There are companies that miss earnings expectations, and then there are companies that miss earnings expectations. Citigroup (C 1.41%) just missed its earnings expectations by nearly 40%.  As egregious as that number is, and as hungry people may be to immediately toss CEO Michael Corbat under the bus, instead take a deep breath and consider the facts.

It's good to know the king
Corbat became CEO less then three months ago, after Vikram Pandit was unceremoniously ejected from the position.  And when I say unceremoniously, I mean unceremoniously. Pandit reportedly had no idea it was coming and was stunned.

The coup was engineered by Michael O'Neill, Citi's chairman of the board. According to The New York Times, there had been "long-simmering tensions" between Pandit and the bank's board, and with O'Neill in particular.  Corbat was personally tapped for the job by O'Neill, and had a good reputation within the bank.

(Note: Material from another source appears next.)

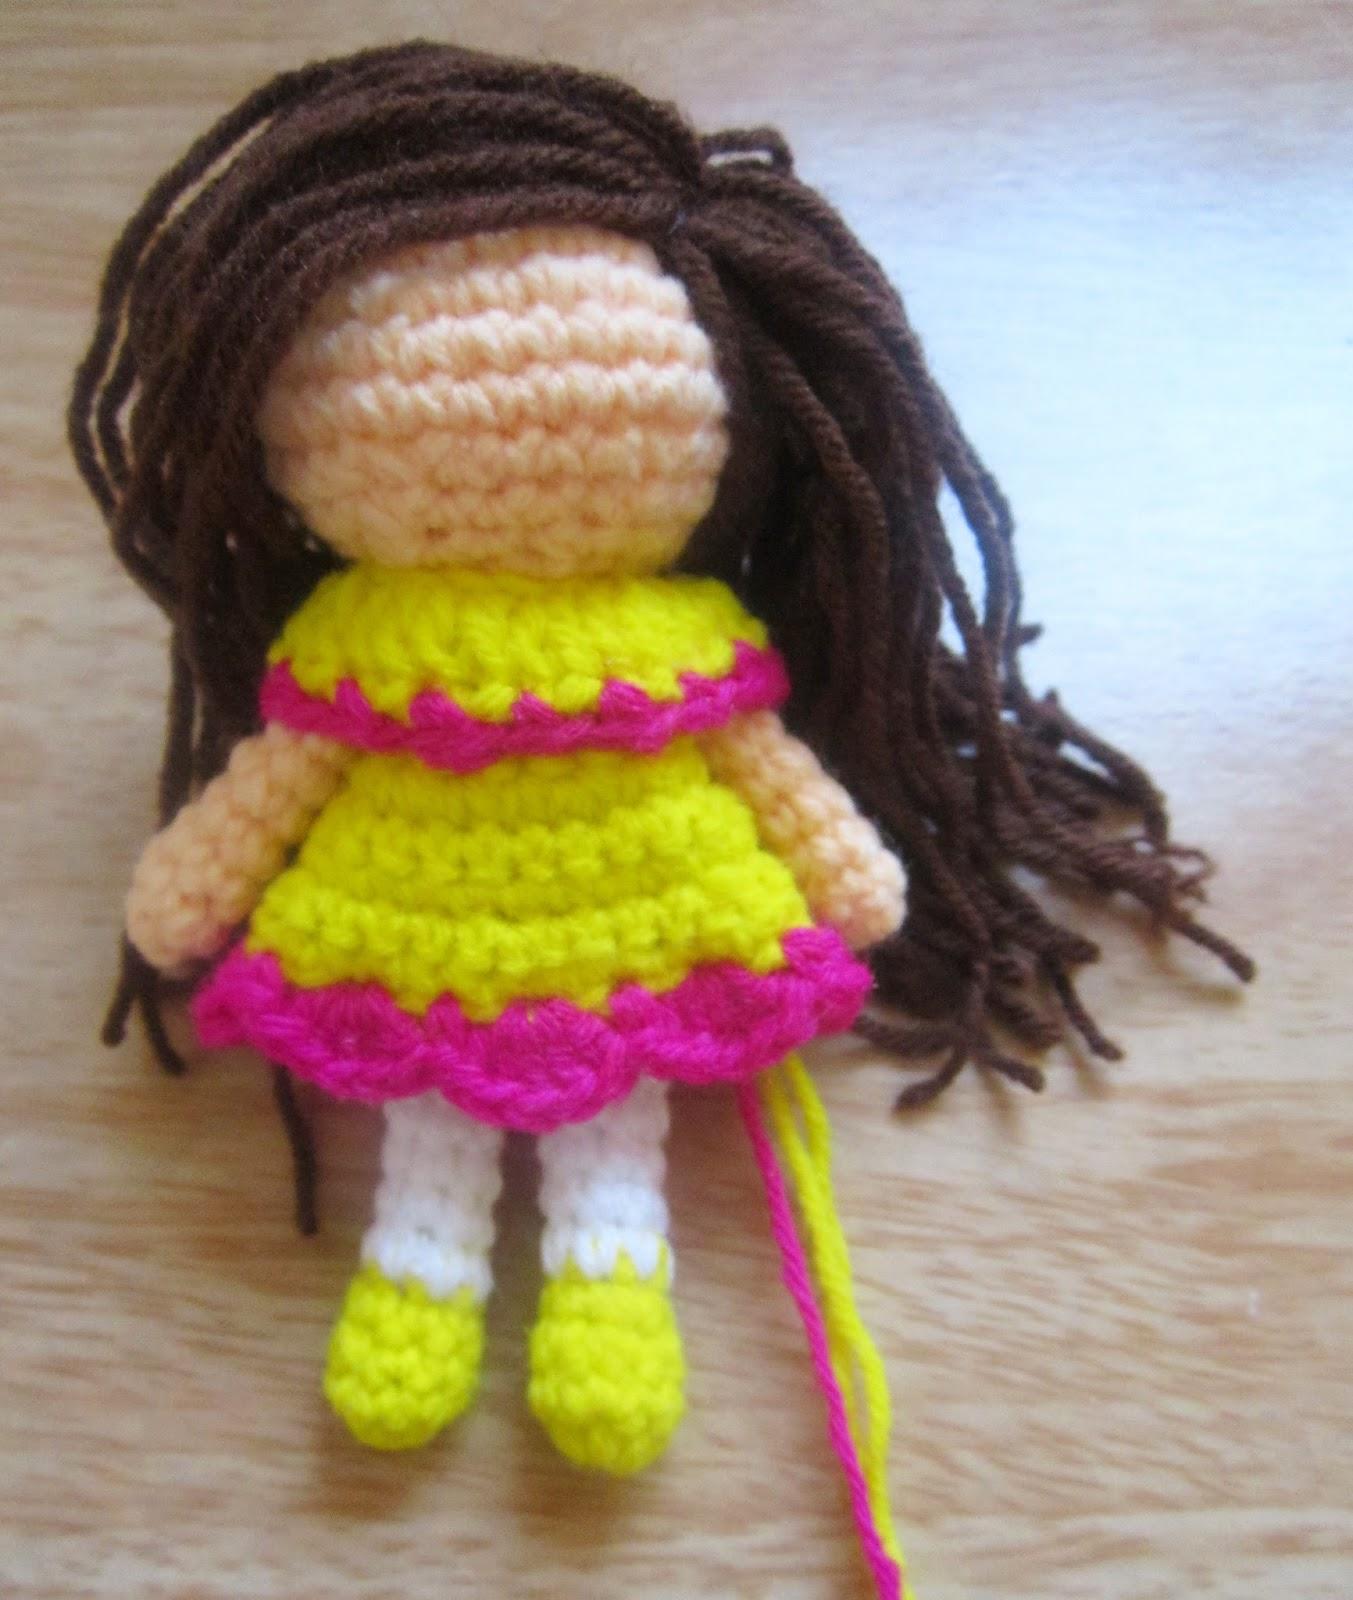 A little love everyday!: Little Amigurumi doll pattern.
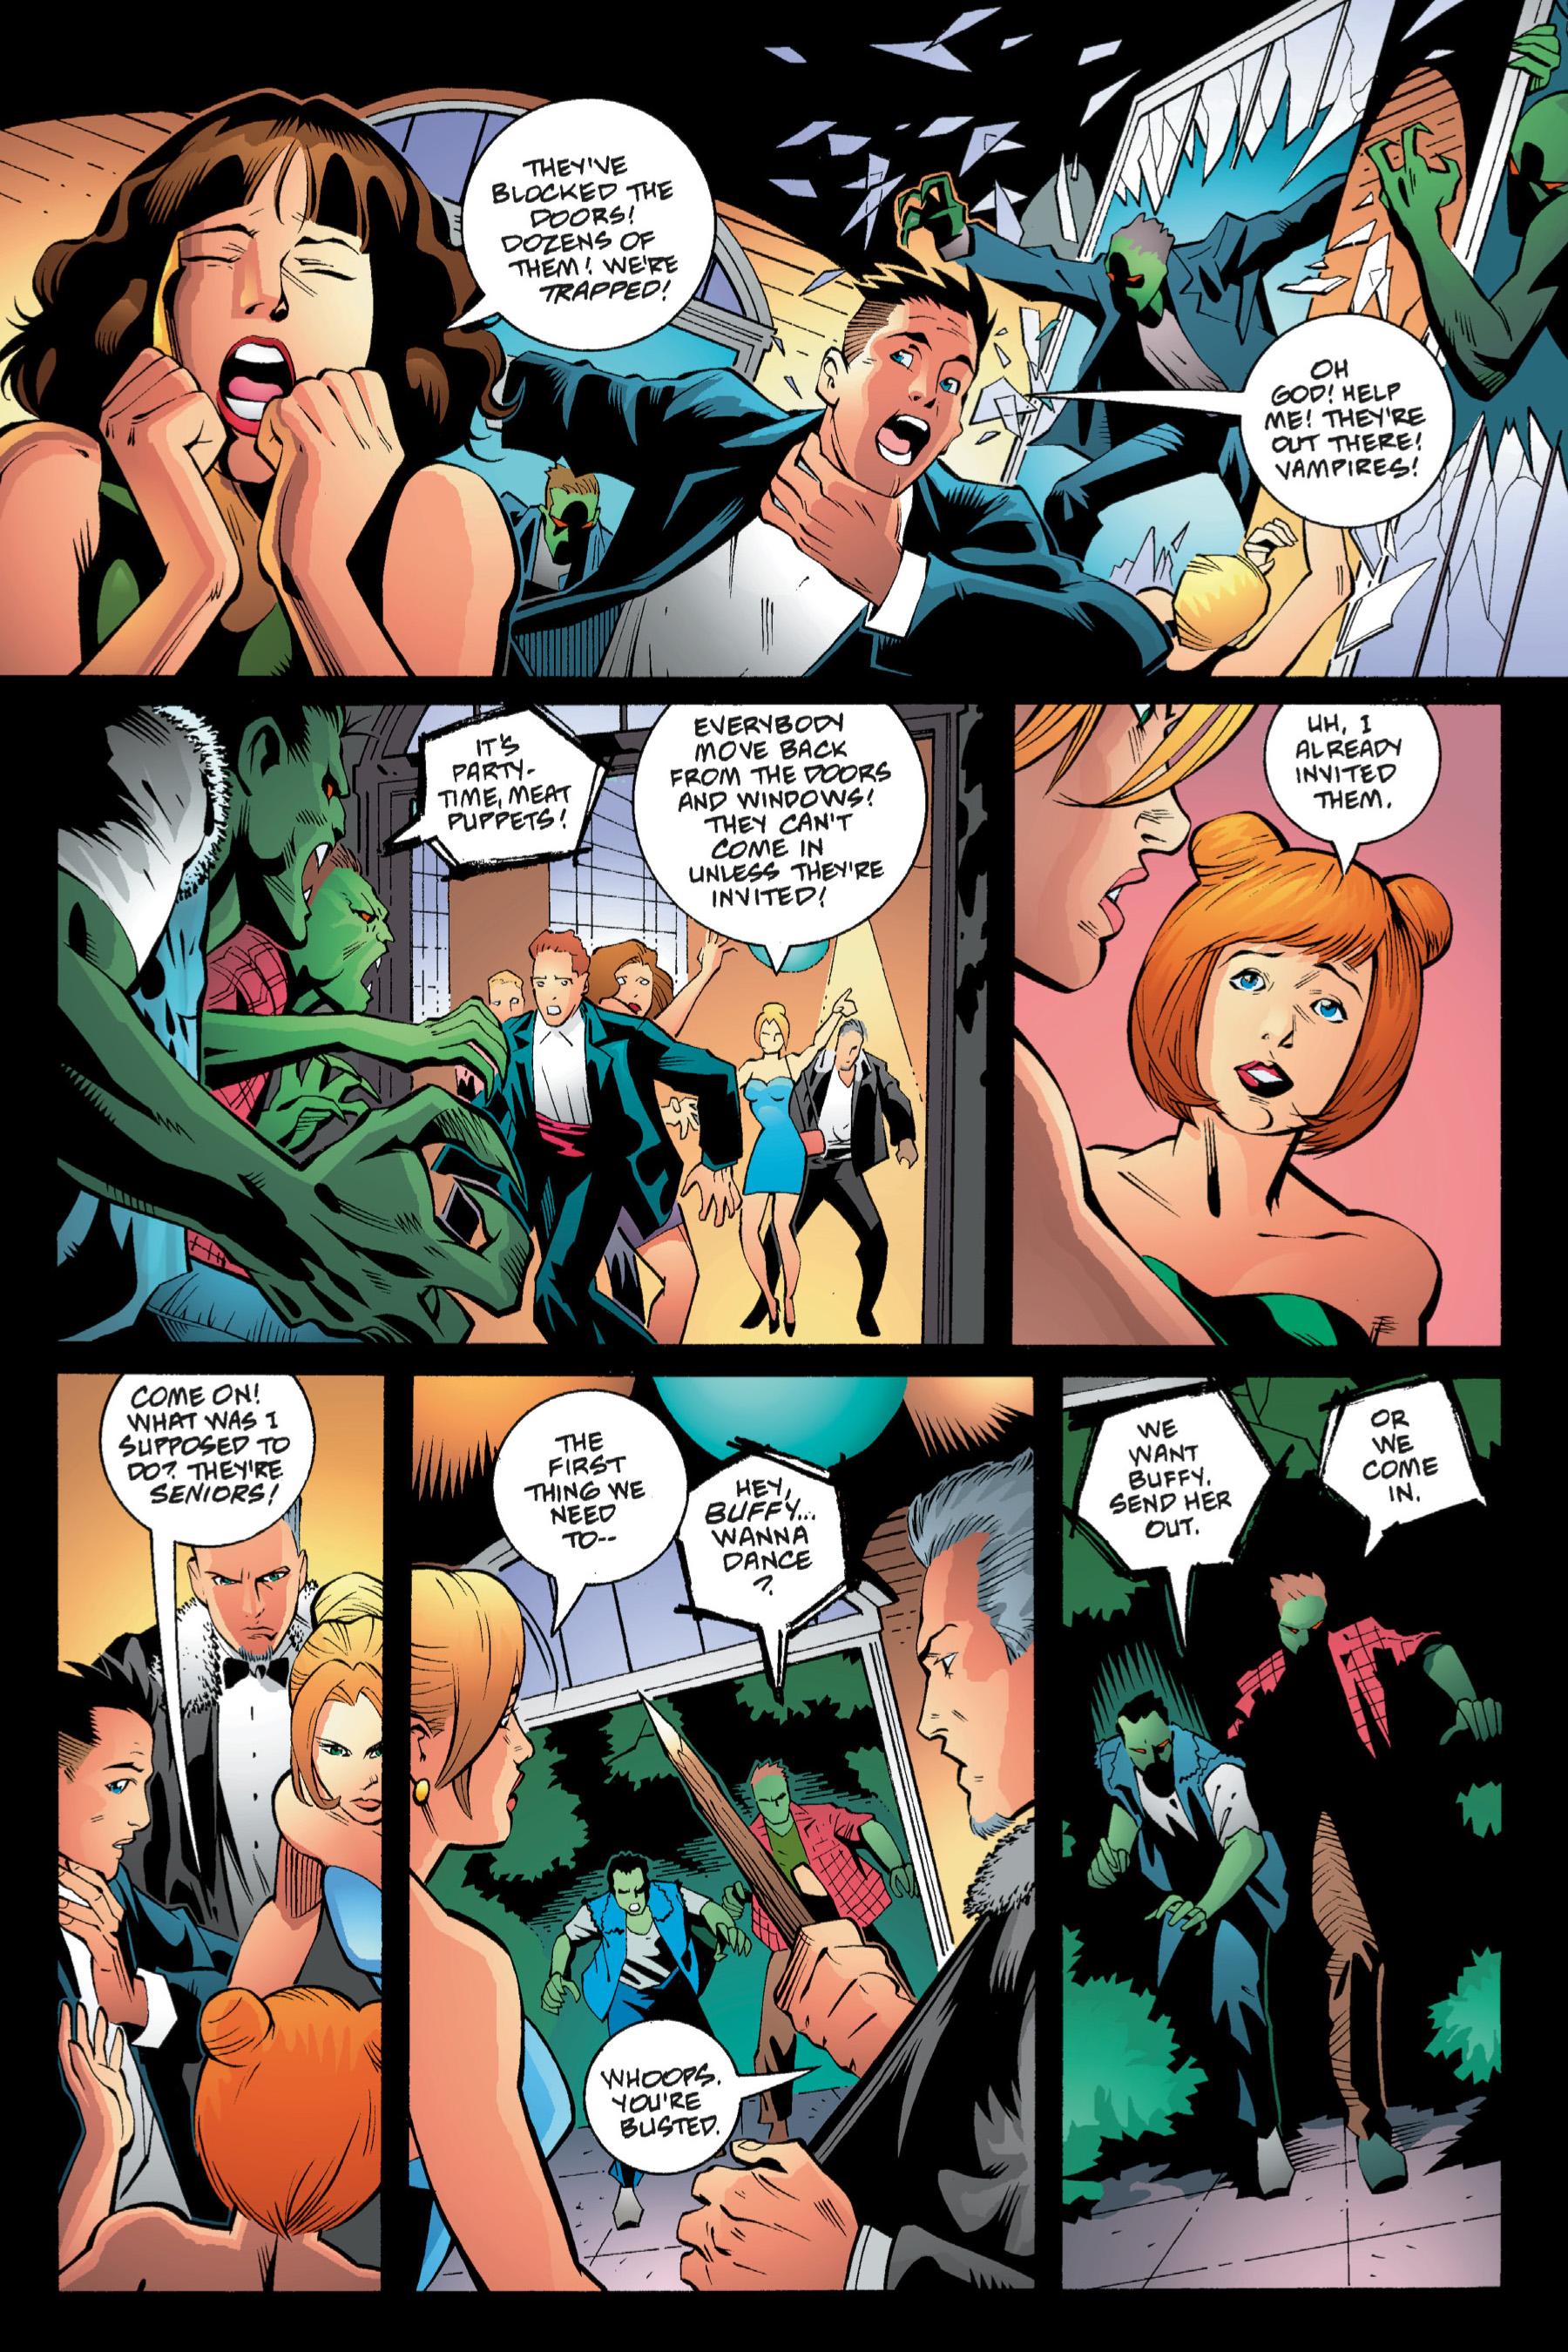 Read online Buffy the Vampire Slayer: Omnibus comic -  Issue # TPB 1 - 88

Corbat had been Citi's chief of operations in Europe, Africa, and the Middle East, and has been with Citi for almost 30 years. 

Judge not, lest ye be judged
So Corbat gets a pass, if for no other reason than the poor guy just started his job. I can't speak for anyone else, but I'm essentially clueless for the first six months of any new job. Now, Corbat is a veteran banker, as well as a veteran Citi employee, so he should be expected to come up to speed perhaps more quickly than a complete newbie, but in my book, three months still qualifies as the honeymoon period for anyone in any new position.

To boot, analyst expectations are just that: expectations. Hopes. Dreams. Desires. Best armchair guesses. Stocks rise and fall on them, but in reality they aren't the end of the story. In the fourth quarter of 2011, Citi's earnings per share were $0.41; for the fourth quarter of 2012 year they're $0.69.  And on an underlying basis, total revenue rose 8% year over year. 

Foolish bottom line? If you're going to ding Corbat on the earnings miss, make sure you also give him a hearty slap on the back for coming through on increased revenue and profit. Or better yet, withhold your judgment until at least the end of the first quarter of 2013.